I appreciate every single person here, and despite my being very moody at times, I will always care for those who feel the same towards me :D

I noticed that I've been very...unpleasant on fanpop towards some people, and I apologize for that. All I could say was that I was in the Darkest Time of my life, and it consumed me entirely. But now, that will change >:)

I am me again. I tình yêu and respect those who have always been there for me, were kind to me, are my fans, and appreciate each and every one of bạn for the rest of my life :)

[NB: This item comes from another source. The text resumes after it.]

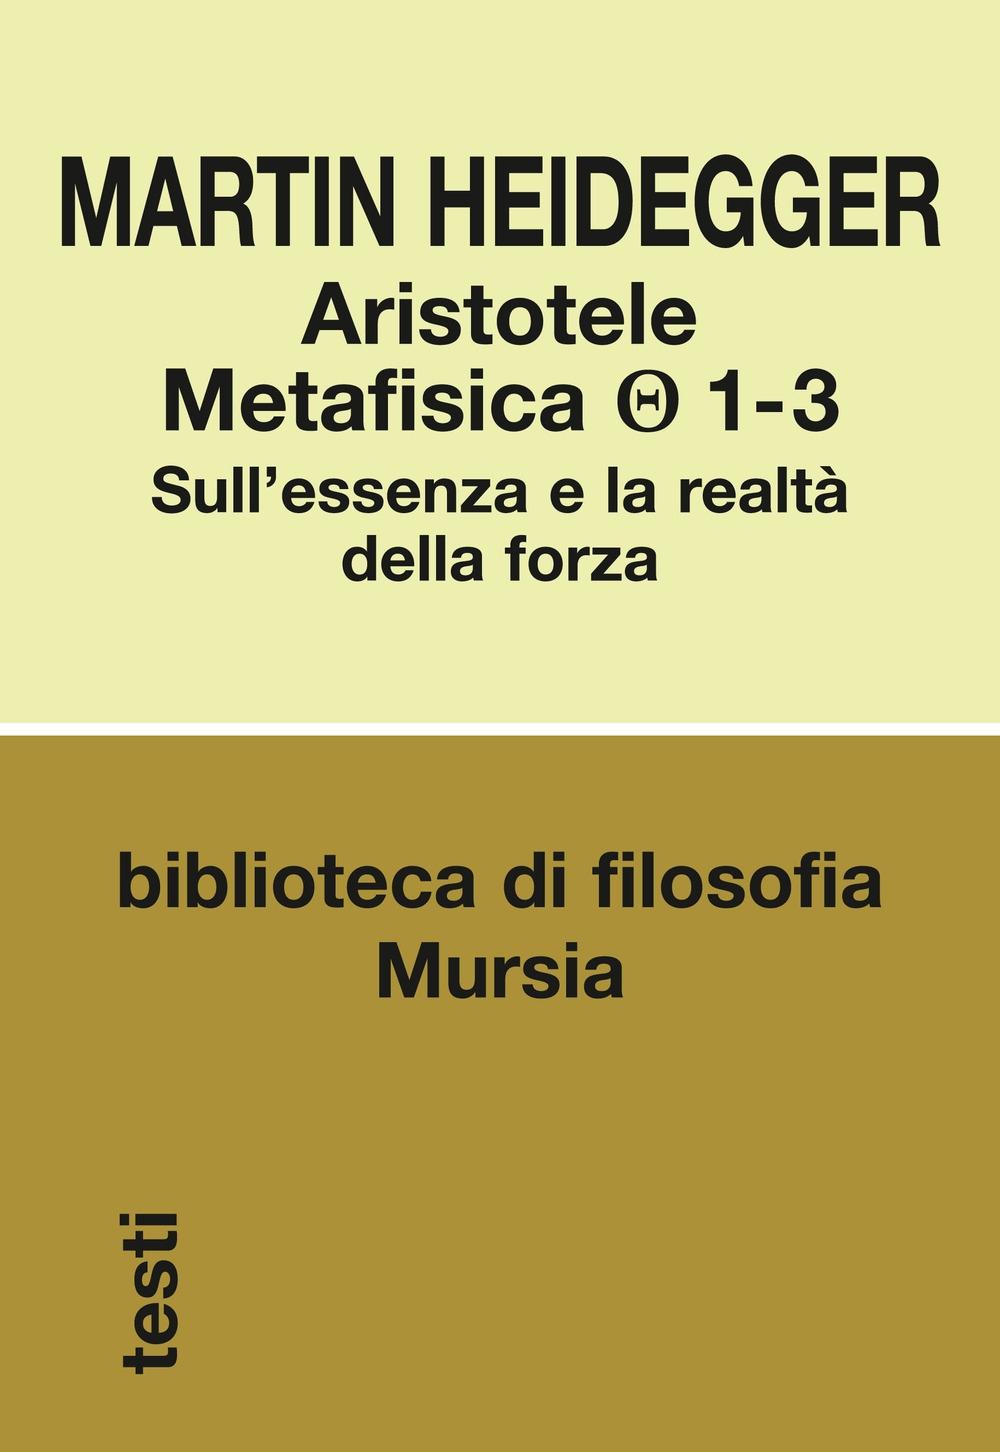 Aristotele. Metafisica (1-3). Sull'essenza e la realtà della forza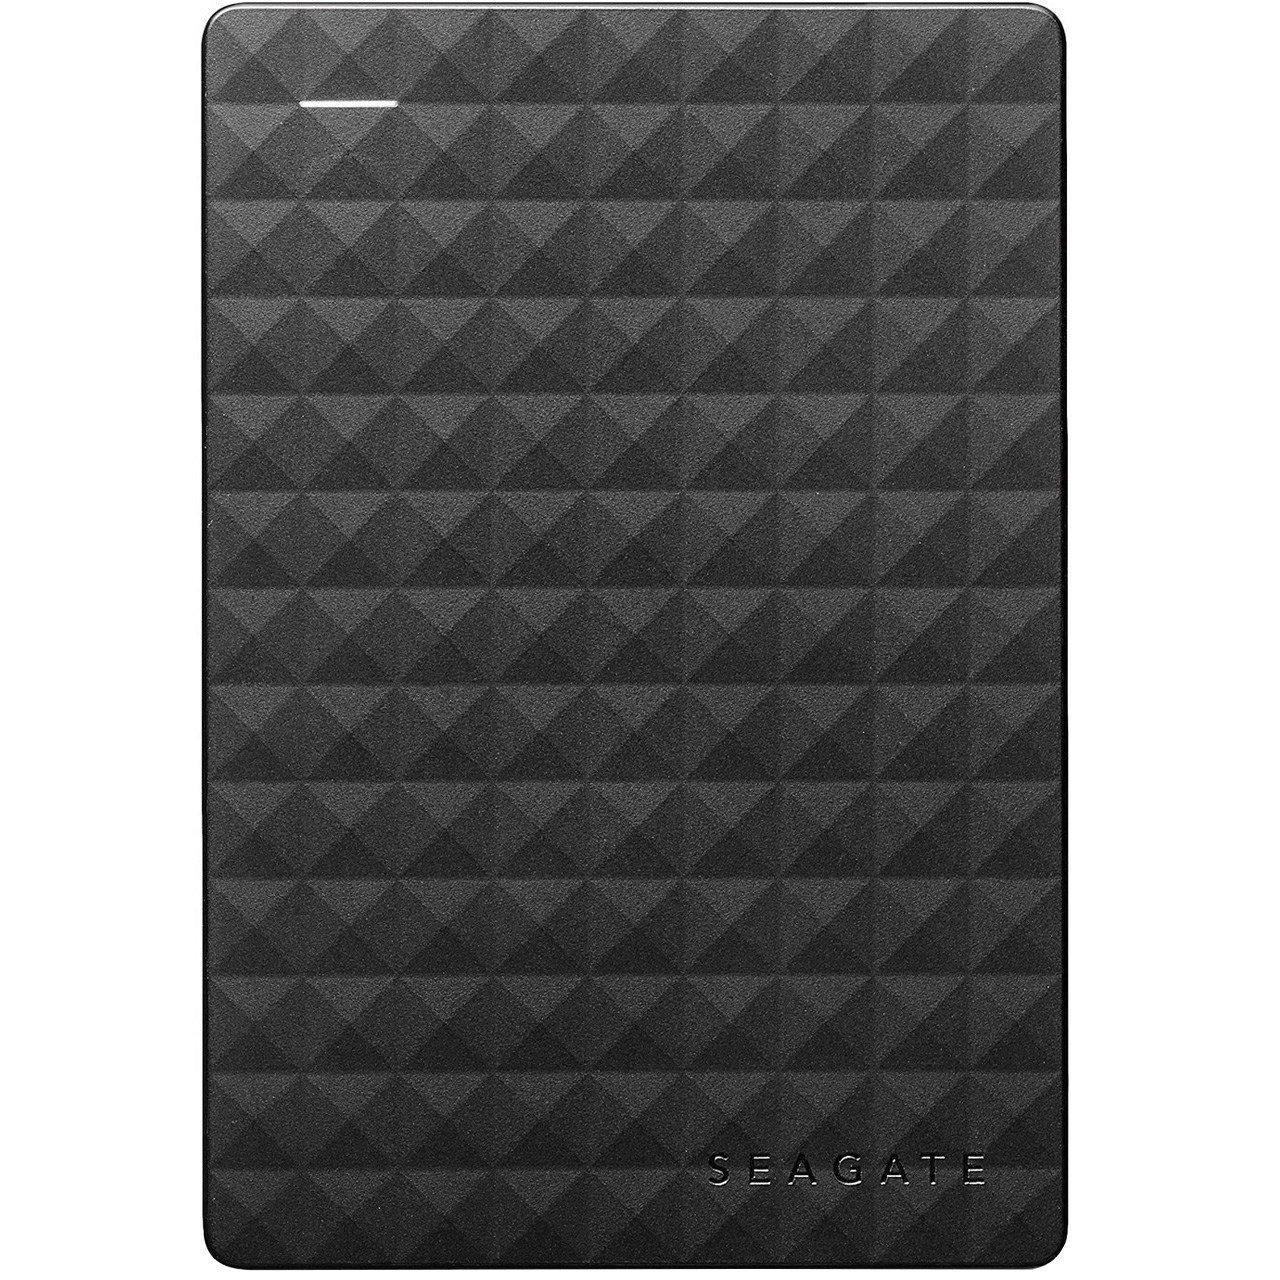 هارددیسک اکسترنال سیگیت مدل Expansion Portable STEA4000400 ظرفیت 4 ترابایت

I tình yêu bạn all! Have a beautiful, wonderful ngày :D
 -LOL!-
-LOL!-
posted by KatiiCullen94
dear Alice.
i don't know why i say alice anymore, i think now i write these emails to myself, to secure me that bạn were real, that bạn all were , that he was.
There is evidence that bạn were here. and was my best friend. But sometimes i dont know wheither i was dreaming hoặc not, But i stop that thought to think again, if it was a dream and bạn diddnt exist,then how did i know your name, hoặc did i make bạn up, along with every one else. Maybe i'm going crazy, from without bạn i dont know. But i want to find out. Do bạn think a crazy person can be the one to digiosed themselves?? Lets hope for...
continue reading...
posted by twilight0girl
link

Nathan:
Dear Marni,
I am so sorry.
Can bạn forgive me for this?

Rotti:
Not the debt doctor
With the hungry scalpel!
Here's my prognosis:
Will they live...?

Hench Girls:
Doubtful.

Luigi:
Your the đường phố, street physician
carving flesh sculptures!

Pavi:
Paint your đít, mông, ass like rembrandt!
Ha! bạn Like-a that?!

Rotti:
Better start praying when bạn see him coming.

Luigi:
cause tonight its curtains!

Luigi, Pavi and Rotti:
Youre the night surgeon!

Chorus:
Remember who bạn are.

Nathan:
I remember...

Genterns:
Remember what bạn did to Marni.

Chorus:
Remember who bạn are.

Nathan:
I remember...

Genterns:
Remember...
continue reading...
added by youknowit101
Source: trollposts@tumblr
I'm not drunk, I'm just intoxicated bởi you.
I was so Chuyện thần tiên ở New York bởi your beauty that I ran into that tường over there. So I am going to need your name and number for insurance purposes.
If beauty were time, you'd be eternity.
If I were a stop light, I'd turn red everytime bạn passed by, just so I could stare at bạn a bit longer.
Babe, your beauty makes the morning sun look like the dull glimmer of the moon.
You'd better direct that beauty somewhere else, you'll set the carpet on fire.
If I received a nickel for everytime I saw someone as beautiful as you, I'd have five cents.
For a moment I thought I...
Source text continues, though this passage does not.